We sit on the wooden planks beside the telescopes, Pen’s drawings spread out between the three of us like a deck of morbid cards.
Throughout Pen’s explanation, Nimble said nothing and asked no questions. He only stared with that pensive expression he gives when his father is discussing politics. Now he reaches forward to touch Internment’s outline on one of the sketches. “So much detail,” he says. “There must be an atlas in your head. It must be so exhausting.”
He looks up at us, smiling grimly. “Celeste and I predicted something like this happening. Not exactly this, per se, but that King Ingram’s greed about the phosane would make him reckless. We knew Internment was in jeopardy.”
“We already have the riddle, then,” I say. “What’s the answer?”
“You girls aren’t the only ones unhappy with King Ingram,” Nim says. “It isn’t just the people of Internment who have cause to hate him. There’s been a lot of unrest down here since the bombing at the harbor. I have a boy who works as one of the king’s guards who has been feeding me intelligence. His niece was killed in the bombing.”
“That’s awful,” I say.
“What kind of intelligence?” Pen says.
“So far it’s all just been a lot of angry chatter,” Nim says. “The refinery has caused some people in the heart of the city to become sick. Water comes out of the pipes smelling like sulfur. After the bombings, this phosane was supposed to make everything better, and it has only caused more problems. King Ingram has the phosane, but he doesn’t know what to do with it. He’s a politician, not a scientist. The scientist who initially discovered its usefulness is dead now, and there’s speculation that Dastor would know a thing or two about refining it, but as for our kingdom, Havalais has yet to see this miracle fuel in action and they’re beginning to doubt it exists.”
“It exists,” Pen says. “Down here you call it phosane, but up on Internment we call it sunstone, and it’s a powerful fuel source if it’s refined properly.” She sits up straight, stricken with a new thought. “What if the engineers on Internment are refusing to help them refine it? Or what if they’re giving faulty instructions?” She looks between Nim and me, giddy and proud. “What if they’re up there fighting?”
I struggle to suppress my smile. It’s bad luck to hope for such a thing, but I could believe it. I do believe it. “If that’s true,” I say, “King Ingram needs Internment. He can’t just take all he pleases and then dispose of its people. It took decades for our engineers to perfect the glasslands and harness our fuel. Your king may have all the riches to build and employ a refinery, and all the raw materials, but if he doesn’t know how to use them, it’s all for nothing.”
“Clever little city,” Nim says, looking up. He does not share in our joy, though. “If that’s true, it’s surely an ugly scene up there right now. Think torture. Think homes being burnt down. Your people can be as stubborn as you please, but no one down here can hear them scream from up there.”
Pen shakes her head wildly. “It doesn’t matter. Don’t you see? Being tortured, deprived—it’s the lesser evil. Our people would withstand anything to keep the city afloat.”

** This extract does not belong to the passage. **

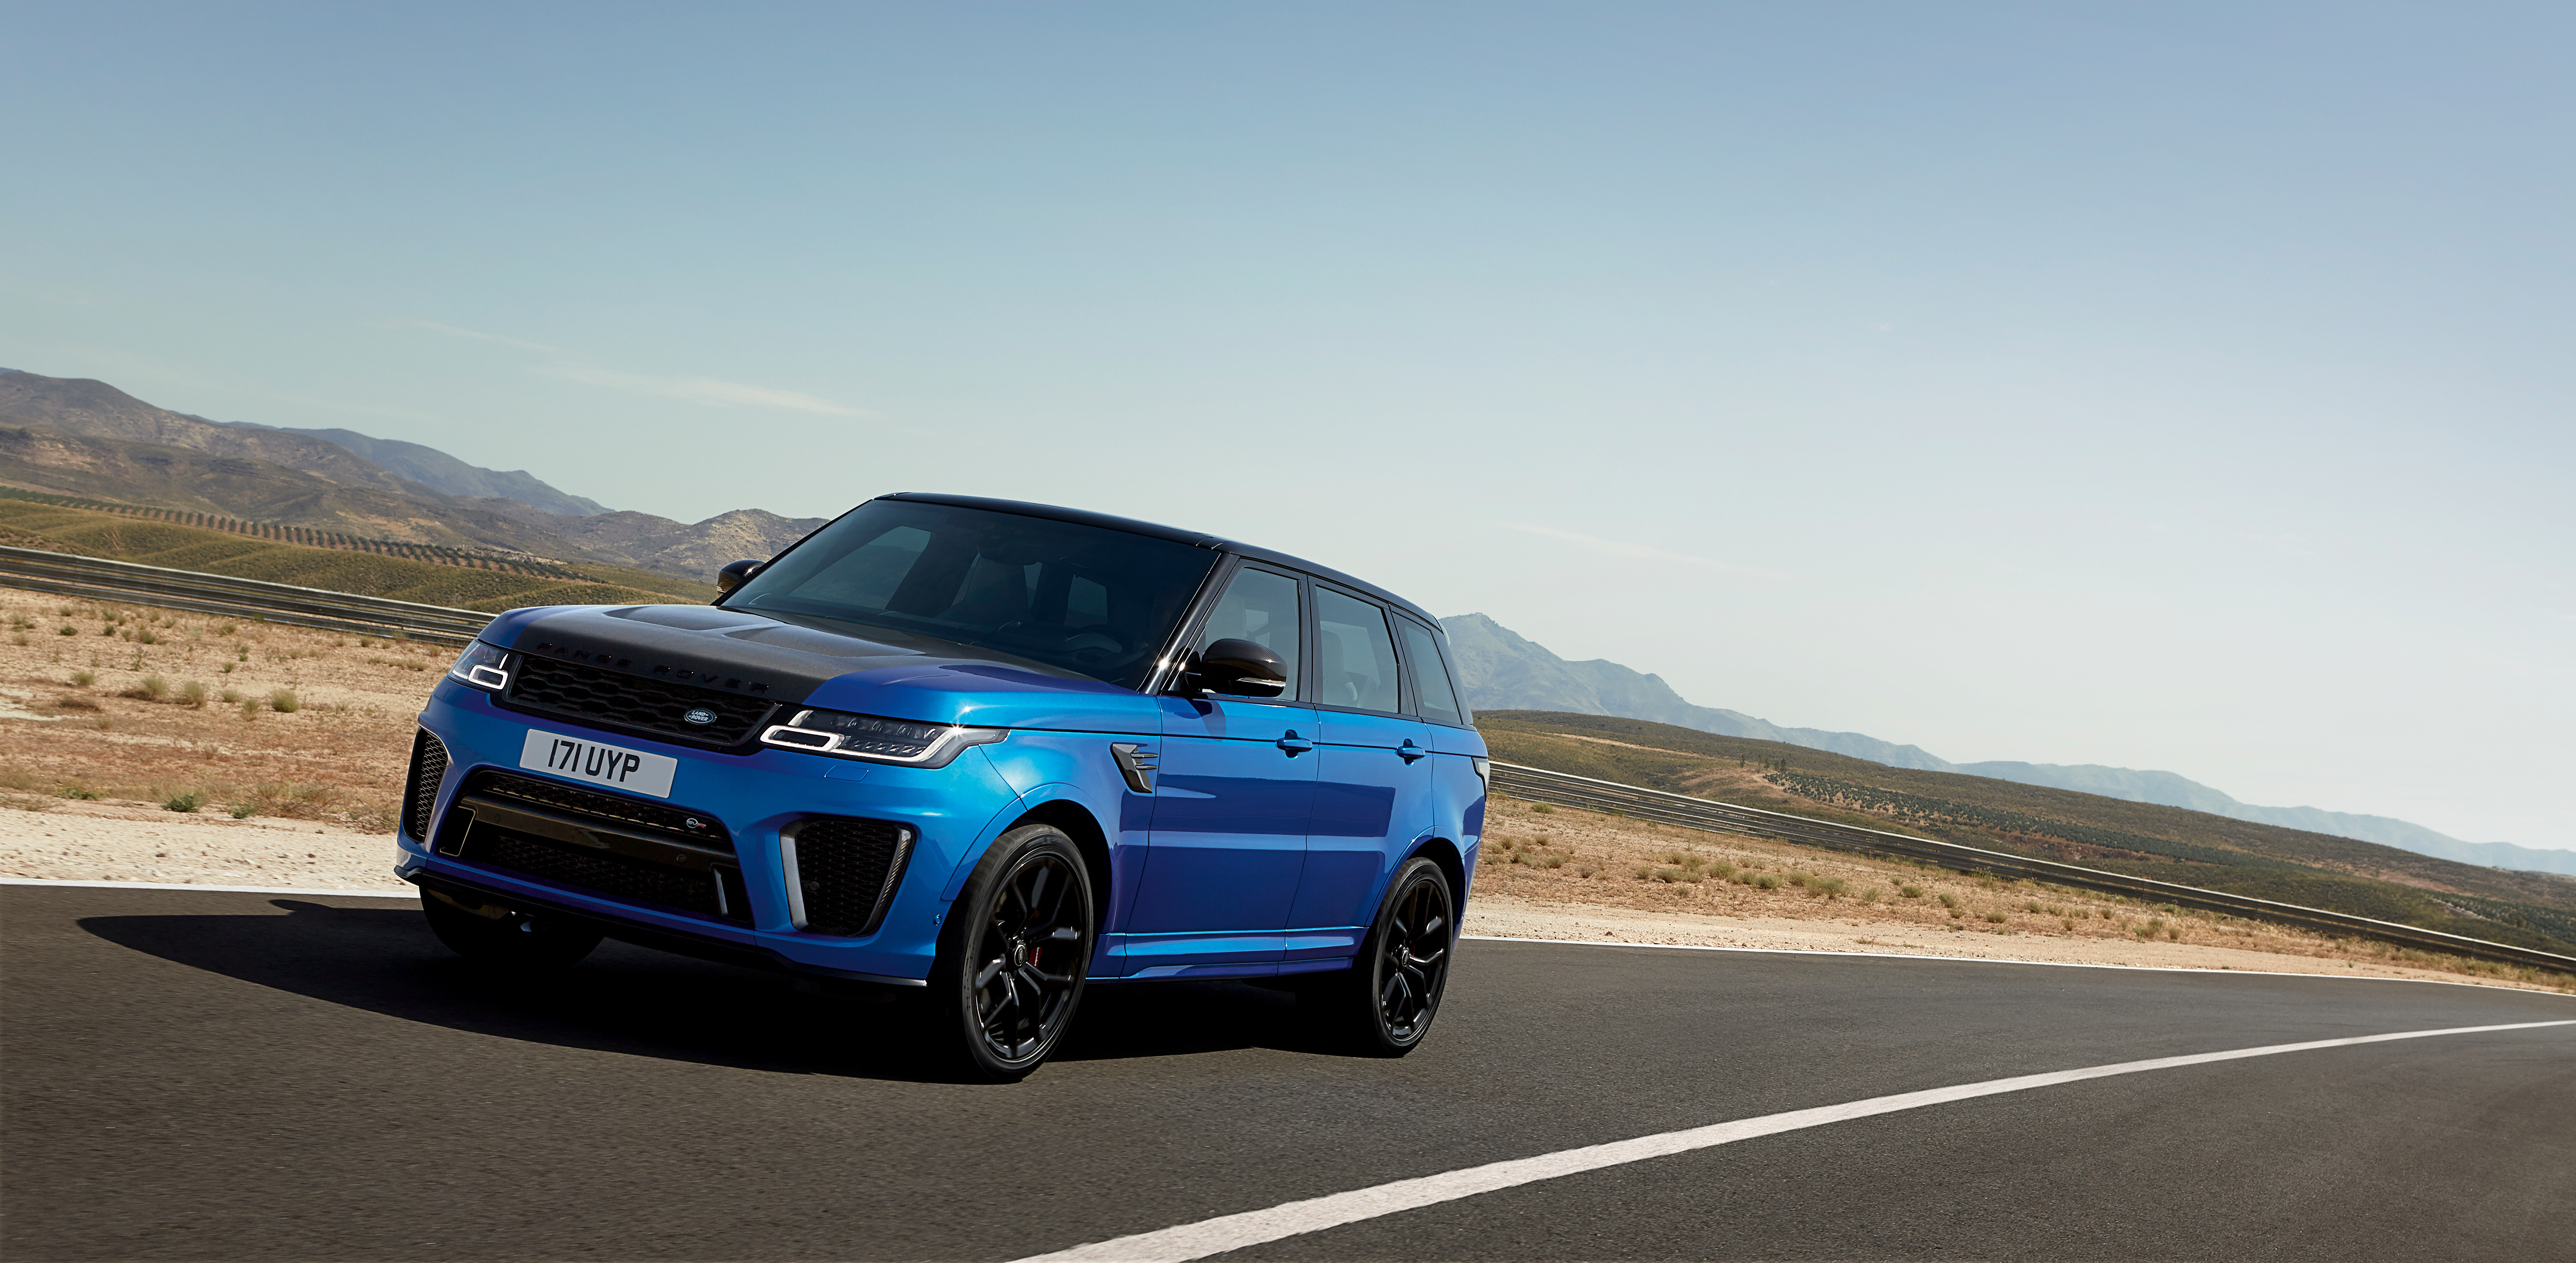 The 2018 Range Rover Sport

“She’s right,” I say. “Down here, if you don’t like where you live, you can pick up and leave. If you don’t like the weather, or your children—you can just go. But on Internment, our home is all we have.”

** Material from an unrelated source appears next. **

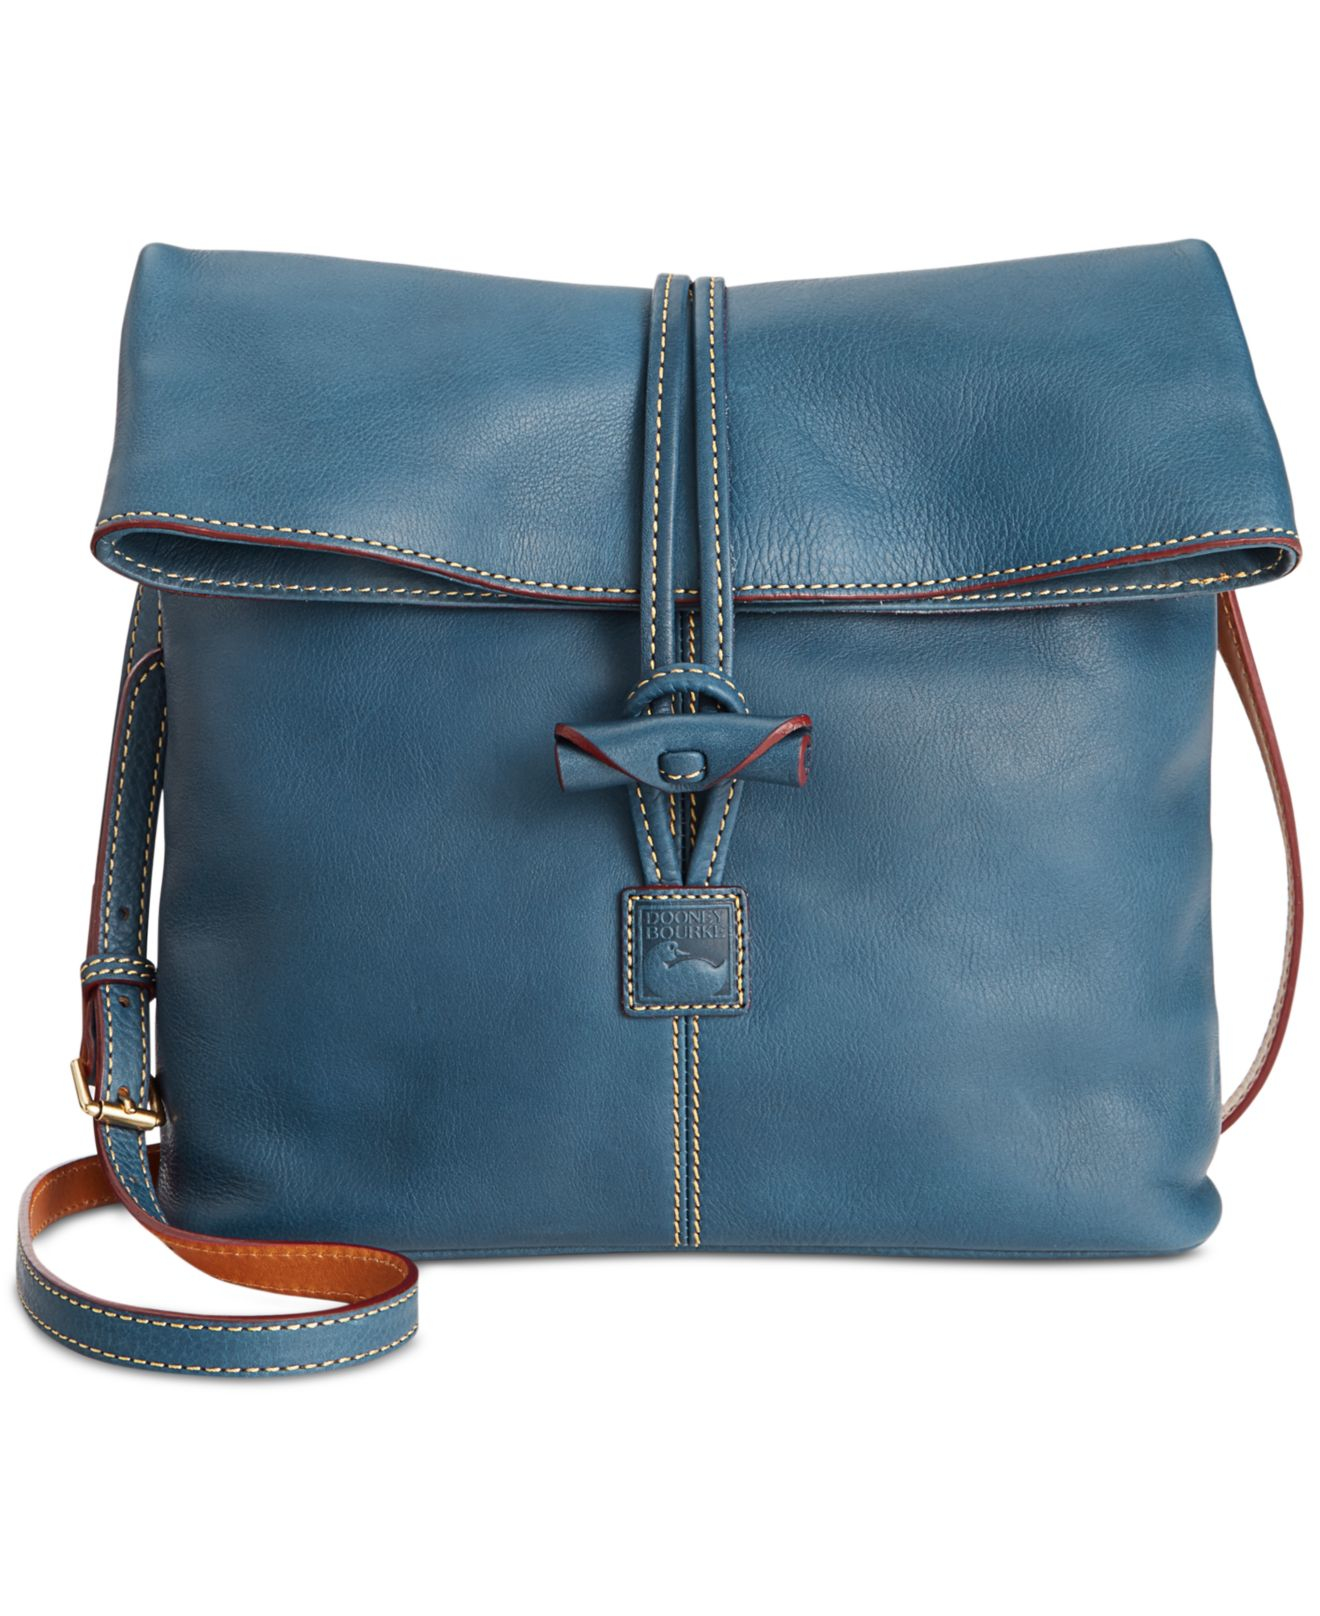 Lyst Dooney & Bourke Florentine Medium Toggle Crossbody Bag in Blue

The people of Internment are resilient if we have to be. We don’t value property or money the way they do down here; often our secrets are the only things of worth to us. I think of, but don’t say aloud, the time the prince and princess held us hostage in their clock tower’s dungeon. All they wanted was a way to the metal bird, and proof that it existed, but I would have died before I’d have let them have it.

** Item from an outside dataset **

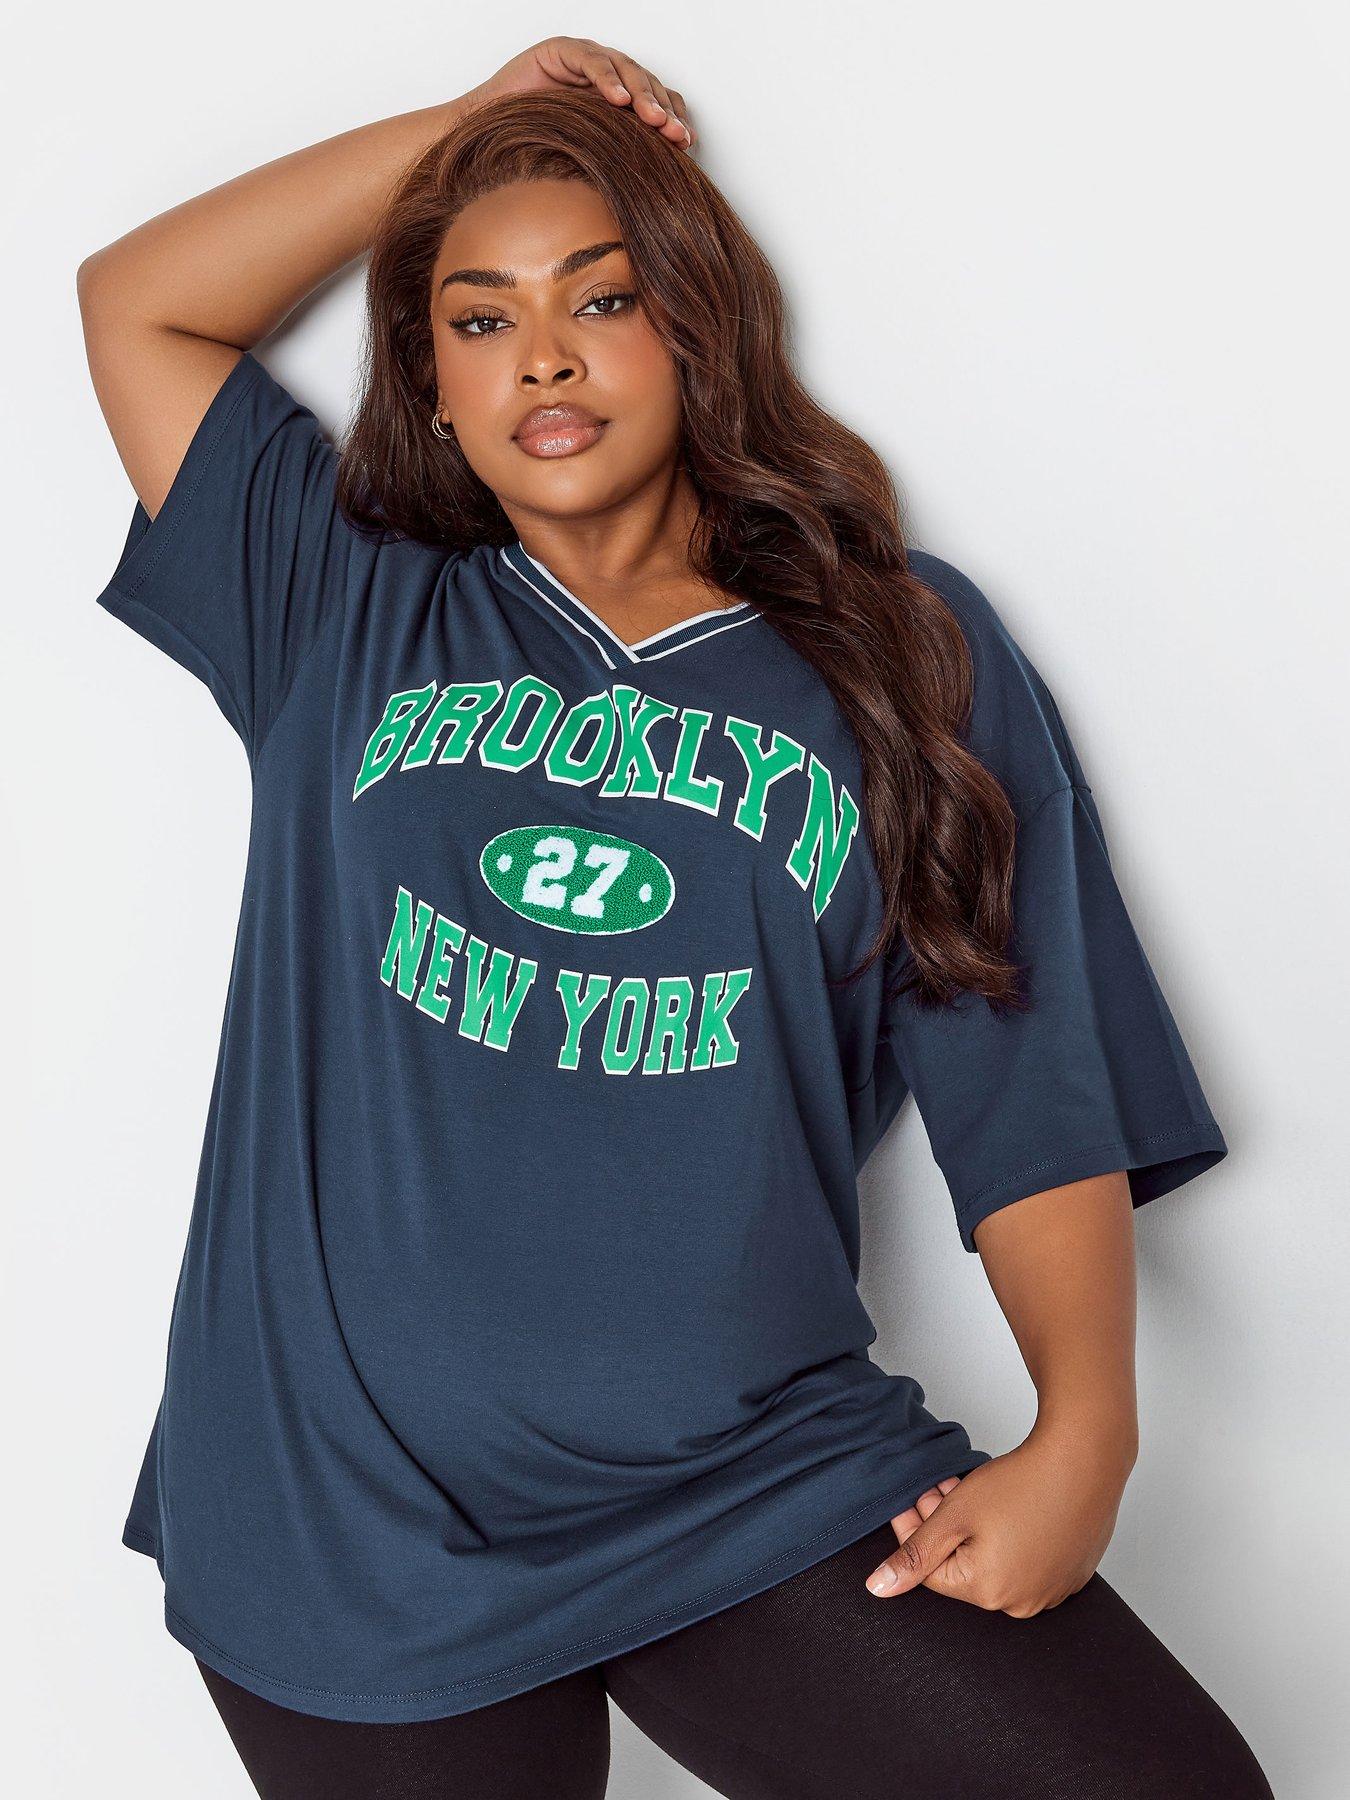 47 Men's New York Yankees Navy Westend Henley T-Shirt

“Your king underestimated Internment,” I say. “But that’s good. Isn’t it? We can work with that. We can—I don’t know.”
I look at Pen, hoping she’ll blurt out a solution. But she foolishly expects the solution to come from me. “Go on,” she says.
“We can try to get sent to Internment, and then we’ll know for sure what’s happening up there. If they’re not telling King Ingram how to refine the phosane, maybe there’s a rebellion being organized.”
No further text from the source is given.